Zo zijt gij dan niet meer vreemdelingen en bijwoners, maar medeburgers der heiligen en huisgenoten Gods. Dat waren zij eertijds, vreemdelingen, vreemdelingen van God, vreemdelingen van Christus, vreemdelingen van de Heilige Geest en

van de genade en van de verbonden Zijner belofte. Vreemdelingen ook van het gebed en van de toegang tot God. Dat is toch een vreselijk ding, als iemand God niet kent, als iemand niets afweet van de genade, als èn de Heere Jezus èn de Heilige Geest onbekend voor iemand zijn. Dan kan hij niet bidden en al zou hij ook bidden, dan heeft hij toch geen toegang bij God. En dan heeft hij ten slotte ook zelf geen toegang bij God. Dan komt hij in ziekte en nood voor een gesloten deur en dan vindt hij uiteindelijk bij God de deur op het nachtslot. Vreemdelingen —

En bijwoners. Daartoe kon een heiden het bij Israël brengen. Voegde hij zich bij Israël, ja dan mocht hij in het voorhof der heidenen komen, maar verder ook niet. Tenslotte kon men alleen worden proseliet der poort, bijwoner staande aan de poort van Israël, en ook kon hij worden proseliet der gerechtigheid, die door veel onderwijs en afzwering van het heidendom bij Israël kon worden ingelijfd. Maar bijwoner, dat was toch zijn naam.
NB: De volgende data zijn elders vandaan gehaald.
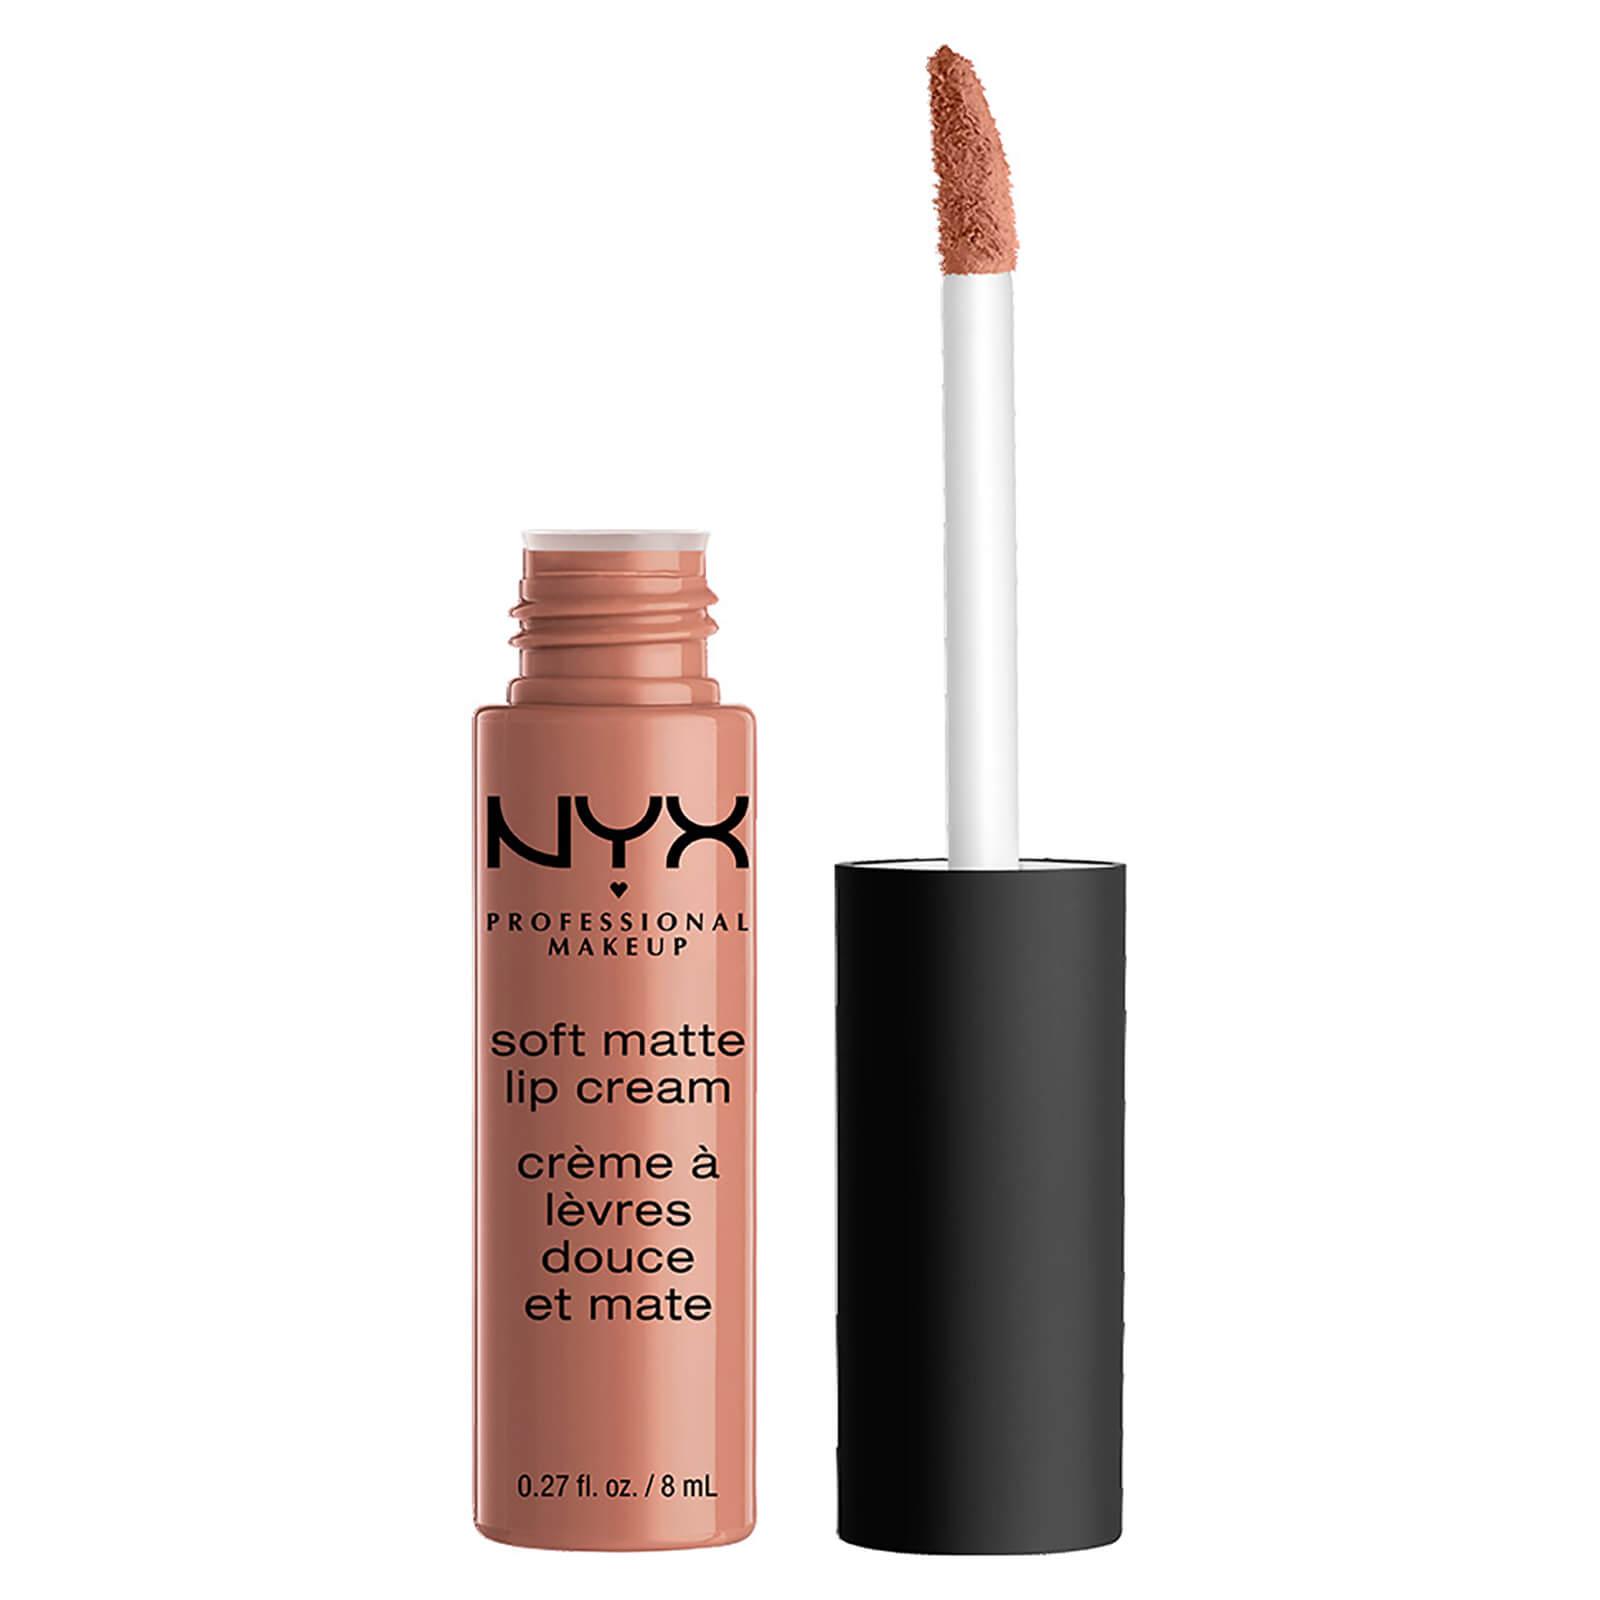 Купить Матовая жидкая помада NYX Professional Makeup Soft Matte Lip Cream (разные оттенки) - Abu Dhabi

Wat is dat erg, lezer, als iemands hart naar de dingen Gods uitgaat, en hij voelt zich toch altijd als een bijwoner, zo een die toch nooit voor vol wordt aangezien. Wat voelen die mensen dat. En voor de mensen is dat nog te dragen, maar nu ook het gevoel te hebben: ik ben een bijwoner bij God. Het is met mij niet wat het wezen moet. Ik behoor er eigenlijk maar zo half bij. Staande aan de poort. O, dat kent u misschien ook. Een hart, dat uitgaat naar de dingen Gods en geen toegang te vinden.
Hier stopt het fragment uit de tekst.